The mean of estimates are around 10. This indicates that this estimator is unbiased when IPW is misspecified.

---

### When REG is incorrect, IPW is correct

```{r}
AIPW_10 <- AIPW$new(Y= data$outcome,
                    A= data$treatment,
                    W.Q= subset(data,select=var_1), 
                    W.g= subset(data,select=c(var_1,var_2)),
                    Q.SL.library = sl.lib,
                    g.SL.library = sl.lib,
                    k_split = 10,
                    verbose=FALSE)
AIPW_10$fit()
AIPW_10$summary(g.bound = 0.25)
dre_10 <- AIPW_10$estimates$risk_A1[1] - AIPW_10$estimates$risk_A0[1]
dre_10
```

The mean of estimates are also around 10. This indicates that this estimator is unbiased when REG is wrongly modeled. 

### When both REG and IPW are incorrect - DRE fails!!
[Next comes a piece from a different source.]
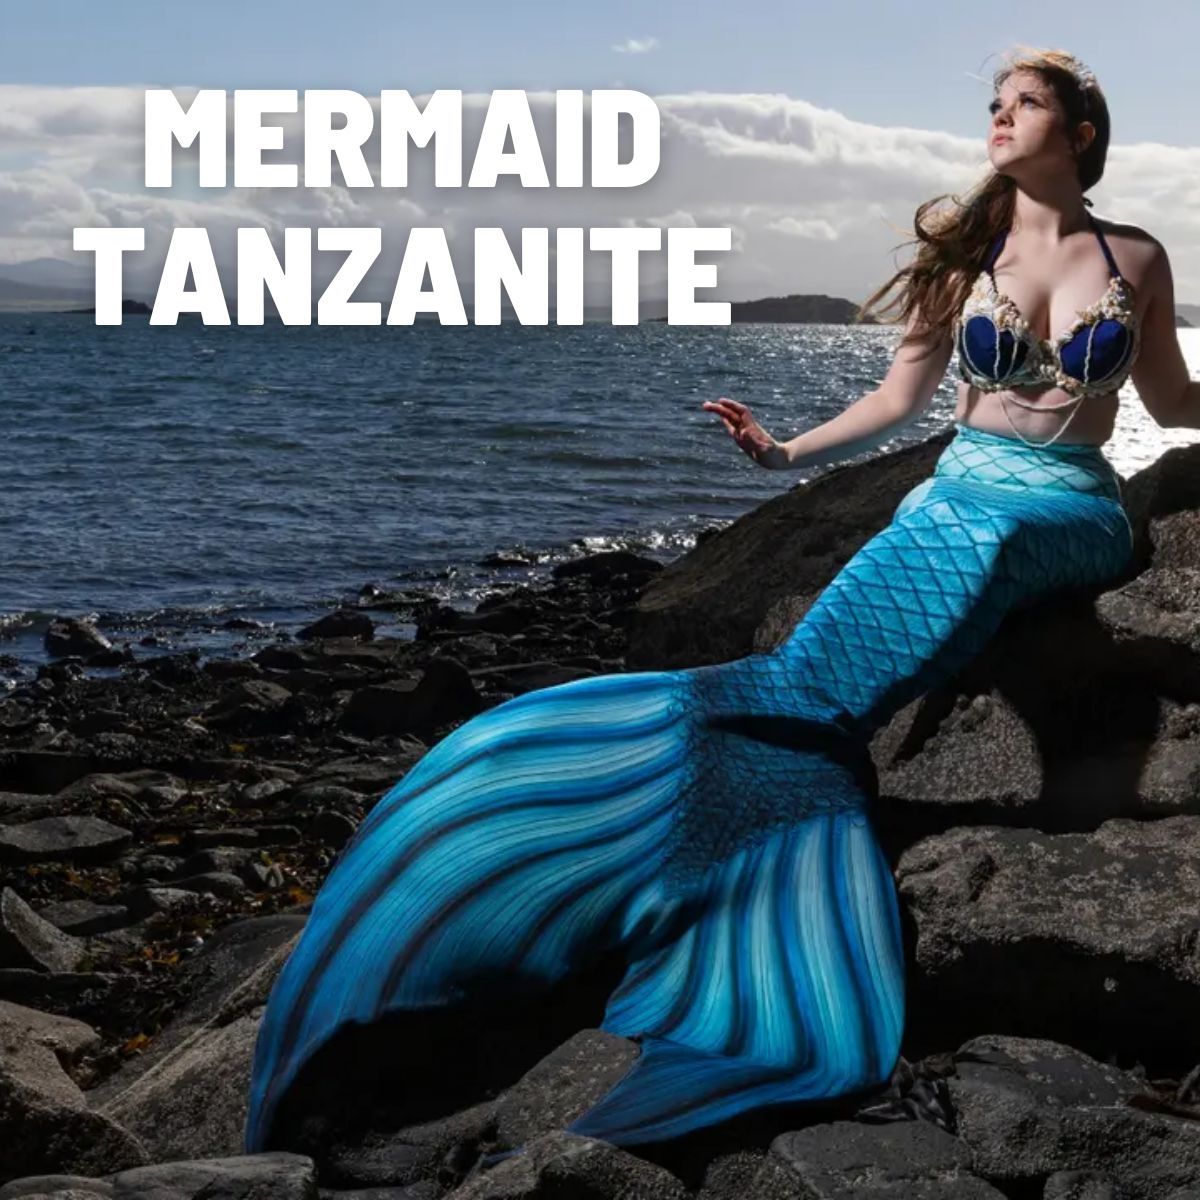 Mermaid Tanzanite: What is It?

Let’s look at what happens to DRE estimation when both models are incorrectly identified. From previous slides, we learned how robust DRE is - its unbiasedness holds even if one of the models is incorrect, but this is not the case here!

```{r}
AIPW_11 <- AIPW$new(Y= data$outcome,
                    A= data$treatment,
                    W.Q= subset(data,select=var_1), 
                    W.g= subset(data,select=var_1),
                    Q.SL.library = sl.lib,
                    g.SL.library = sl.lib,
                    k_split = 10,
                    verbose=FALSE)
AIPW_11$fit()
AIPW_11$summary(g.bound = 0.25)
dre_11 <- AIPW_11$estimates$risk_A1[1] - AIPW_11$estimates$risk_A0[1]
dre_11
```

The mean of estimates are above 10 (10.46). This indicates that this estimator is biased when both REG and IPW are wrongly modeled.

**Looking at them together!**

```{r,echo=FALSE}
df <- data.frame(c(dre_00,dre_01,dre_10,dre_11))

rownames(df)<- c("Both Correct","IPW Incorrect","REG Incorrect","Both Incorrect")
colnames(df) <- "ACE estimates"
df
```


---

# Conclusion

This simulation activity shows how effective DRE is - that its effectiveness depends on correct model specification or outcome regression model (REG), or inverse Probability weighting by propensity score (IPW). Its robustness is maintained when one of the models is incorrect.

From previous work, we have also identified and learned why DRE is unbiased when either of them is incorrect. If we have non-randomized trial experiments, we can surely apply methods introduced here today!